- Problem -
Once the images are removed, set down everything else in the listing below exactly.

- Recorded data -
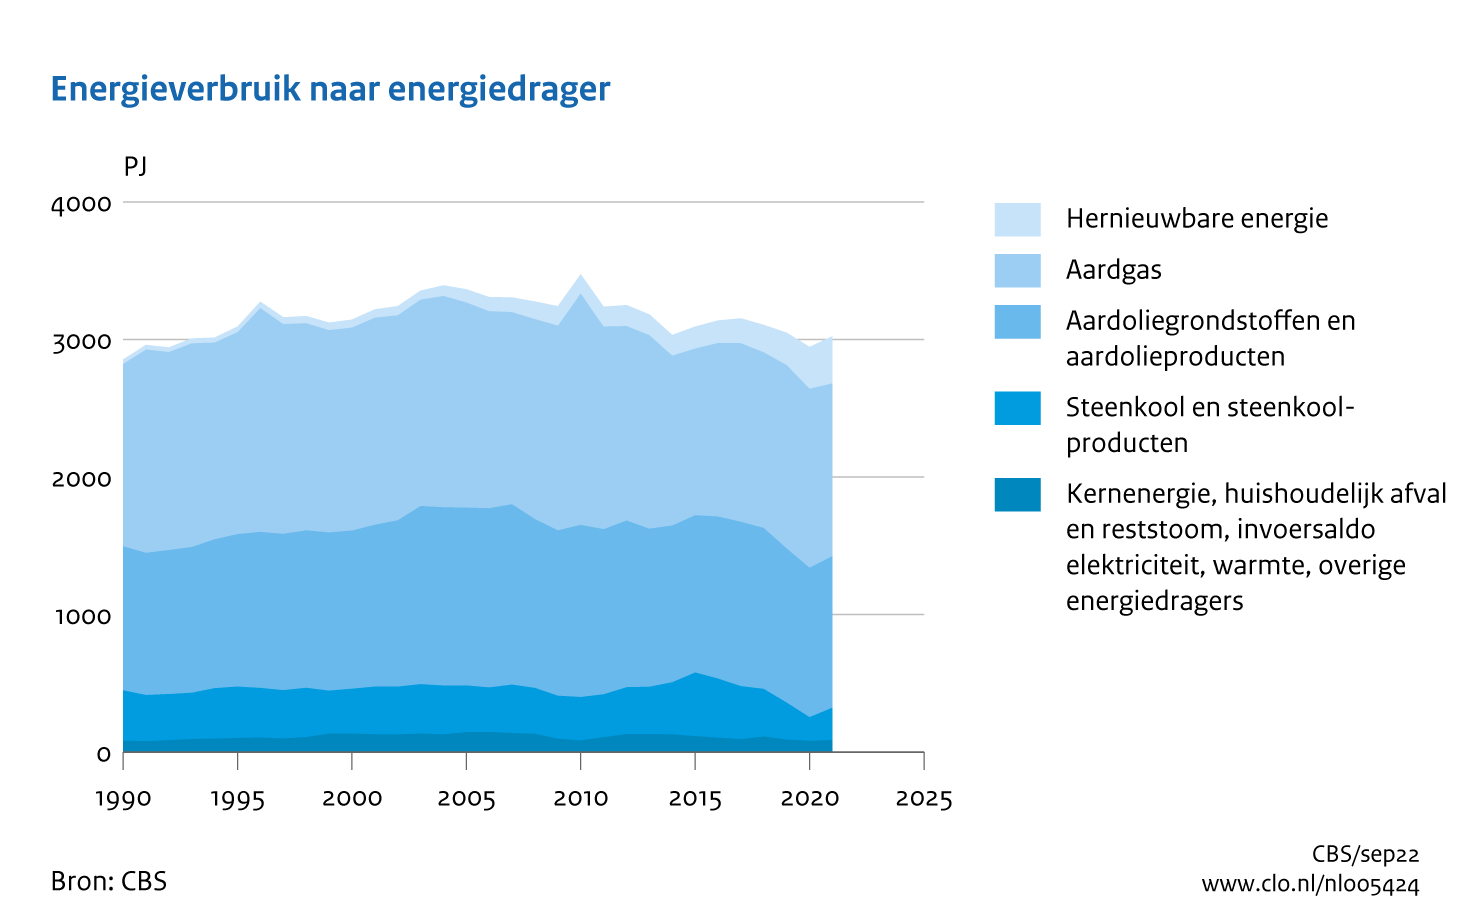 Figuur Energieverbruik per energiedrager 1990-2021. In de rest van de tekst wordt deze figuur uitgebreider uitgelegd.
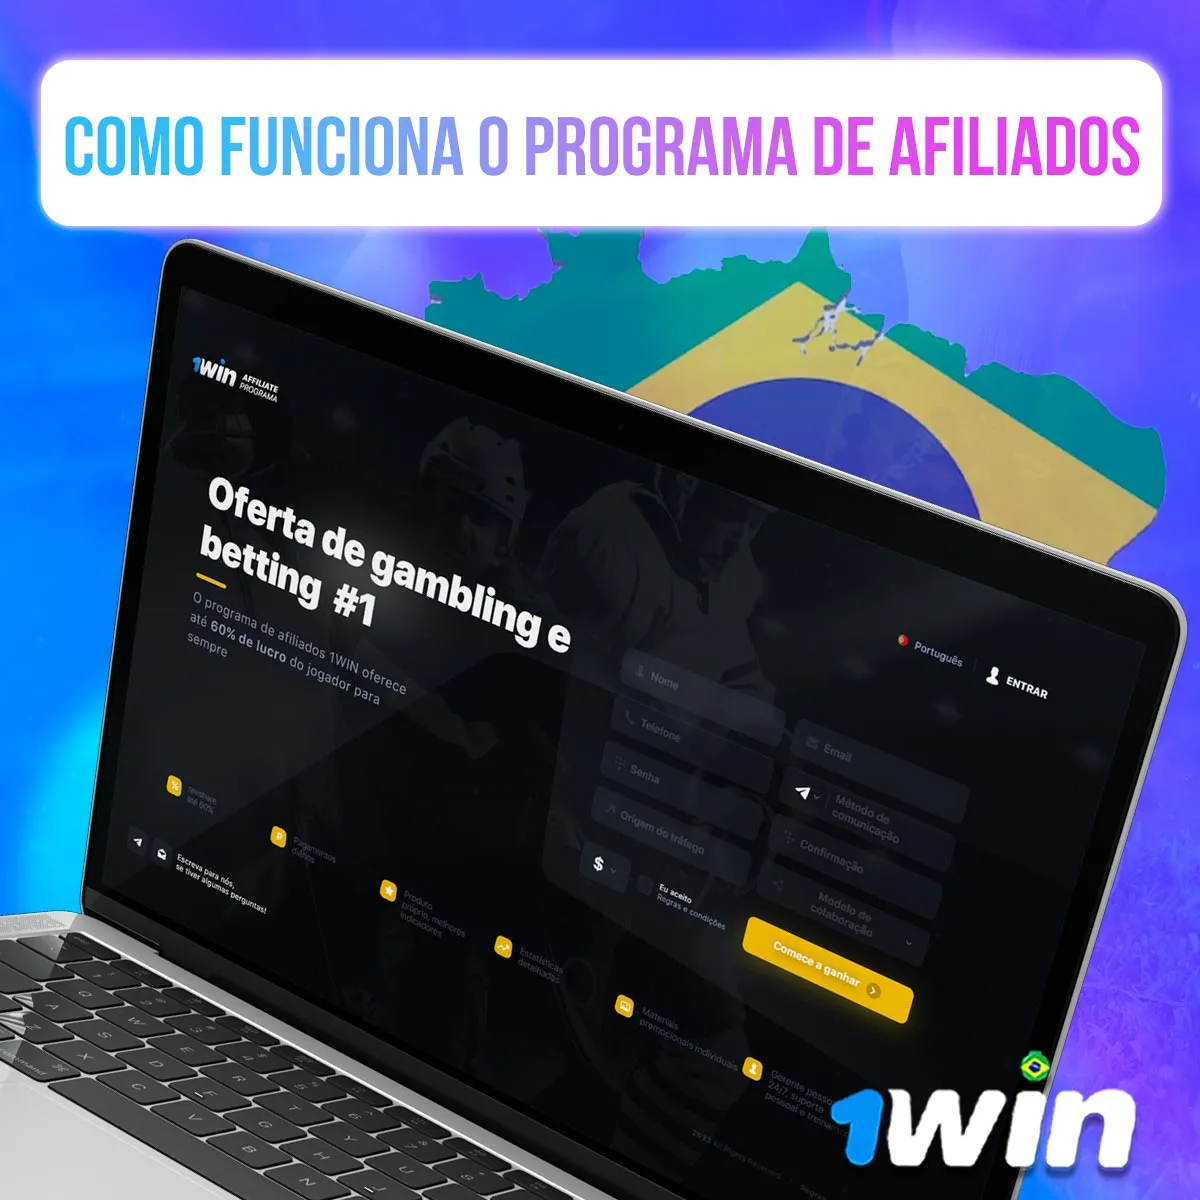 Como funciona o Programa de Afiliados 1win no mercado brasileiro
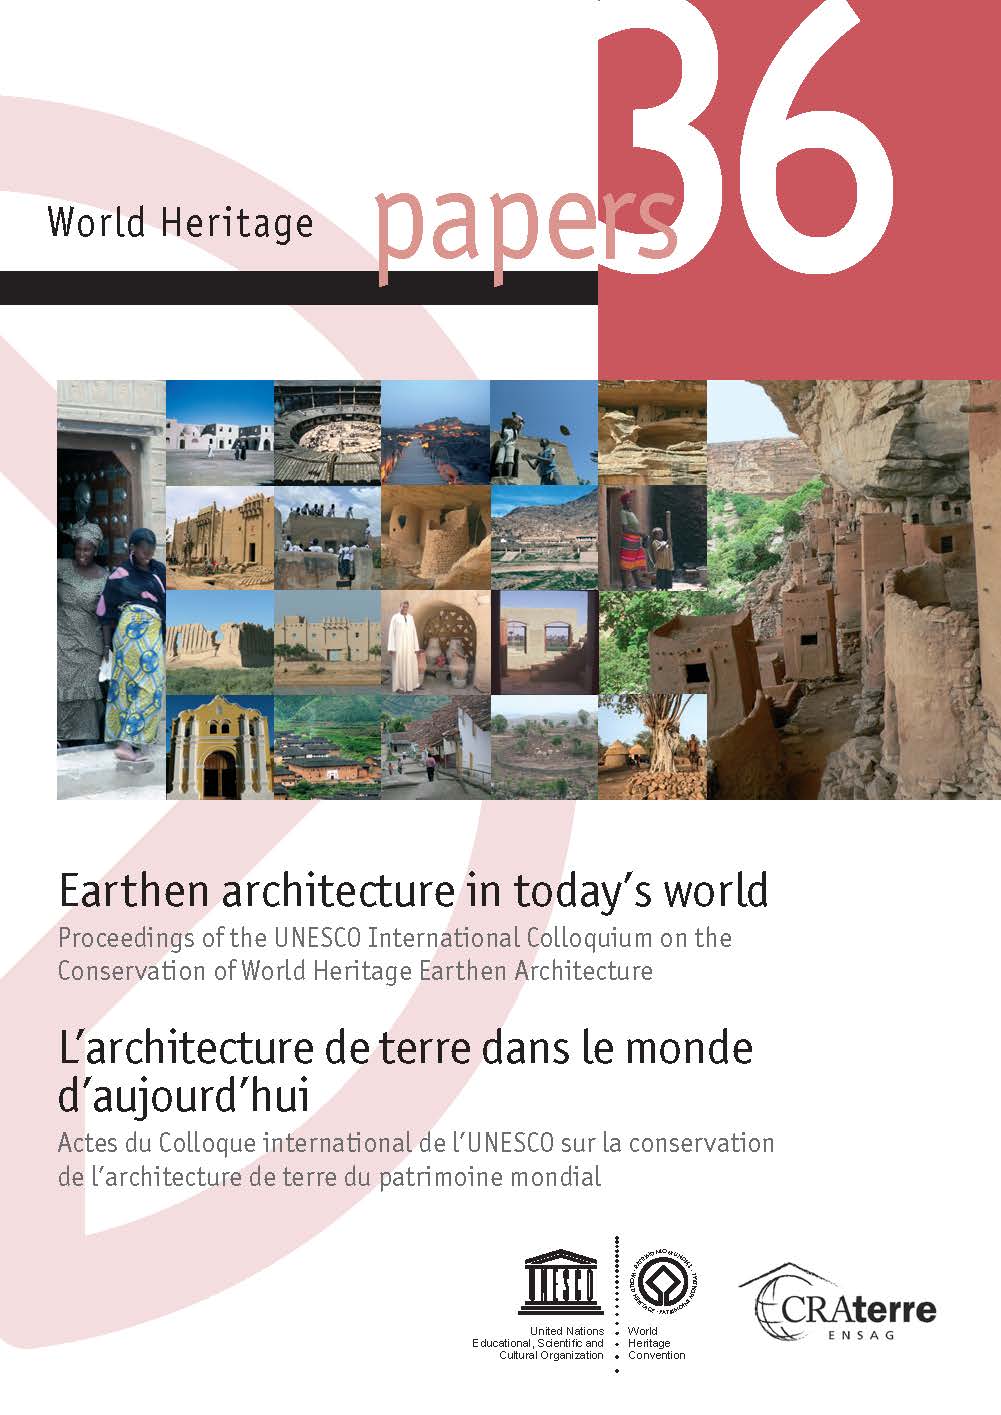 WHC: Paper Series

- Response for this exercise -
 Figuur Energieverbruik per energiedrager 1990-2021. In de rest van de tekst wordt deze figuur uitgebreider uitgelegd.
 Como funciona o Programa de Afiliados 1win no mercado brasileiro
 WHC: Paper Series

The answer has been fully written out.